Up for sale is the 410-415, 420-425 MHz frequency, for mobile voice and data, which is suitable for CDMA technology.
But the Government is planning to sell this license for only one million Euro. This compares to the auctions for GSM, which Dialog (later bought by Orange) and Connex (later bought by Vodafone) purchased in 1996 at 50 million USD and the 44.4 million Euro price tags for the two most recent 3G licenses sold to Zapp and RCS&RDS. Existing operators Vodafone, Orange and Zapp-owners Telemobil all believe the prices should be aligned to previous licenses.
“Why there is such a huge discrepancy between the cost of the 3G license and the cost of this license doesn’t seem to make a lot of sense,” says CEO of Orange Romania Richard Moat.
The authorities argue that this license is not as substantial as the spectrum for 3G, but existing operators are shocked at the massive reduction.
“When a regulator fixes a price significantly below what was sold before and the restricts who can bid for it, this is completely unfair,” says CEO of Zapp Romania Chris Bataillard. “Either a regulator gives frequencies away or auctions them at a similar rate. They cannot be different from one year to another.”
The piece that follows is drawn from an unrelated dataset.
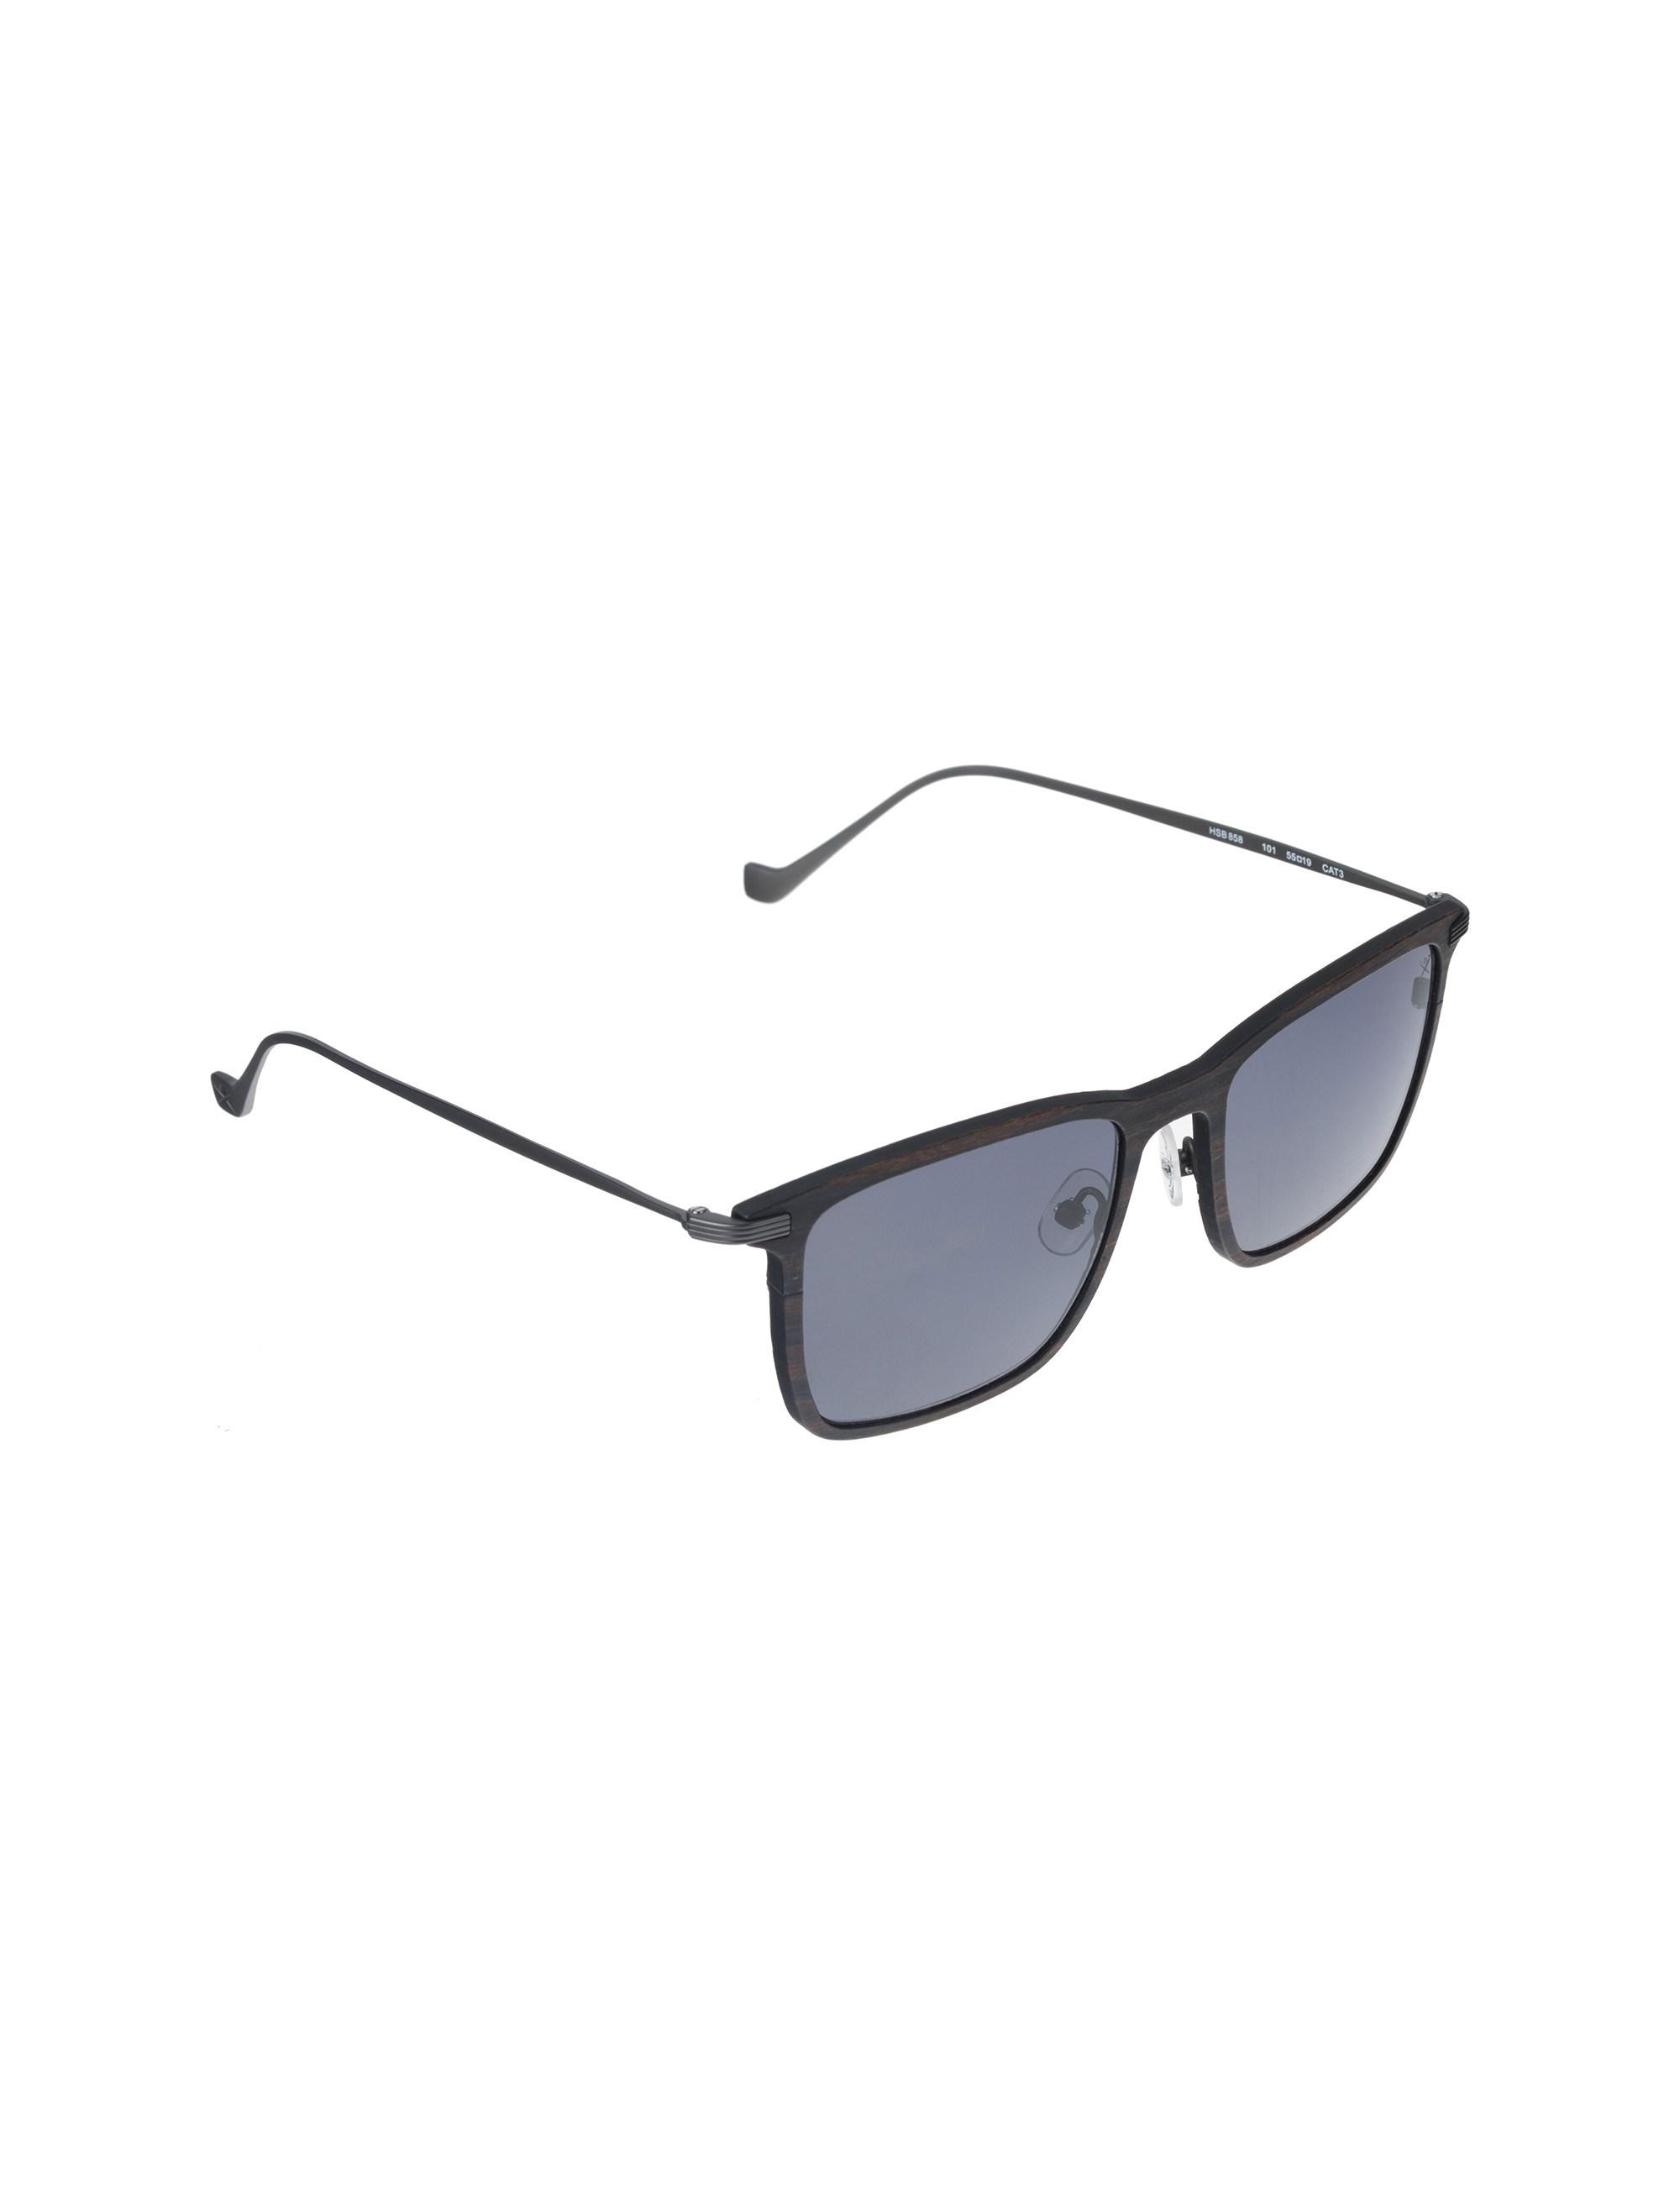 عینک آفتابی ویفرر مردانه - قهوه اي طرح چوب - 2

The Diplomat asked the European Commissioner for Information Society and Media, Viviane Reding, if she believed the auction of the license could be accused of being anti-competitive. “It is for a member state and not for the European Commission to decide the way the frequencies are going to be handled,” she said. “Prices should be brought down so that more competition can come into the market.”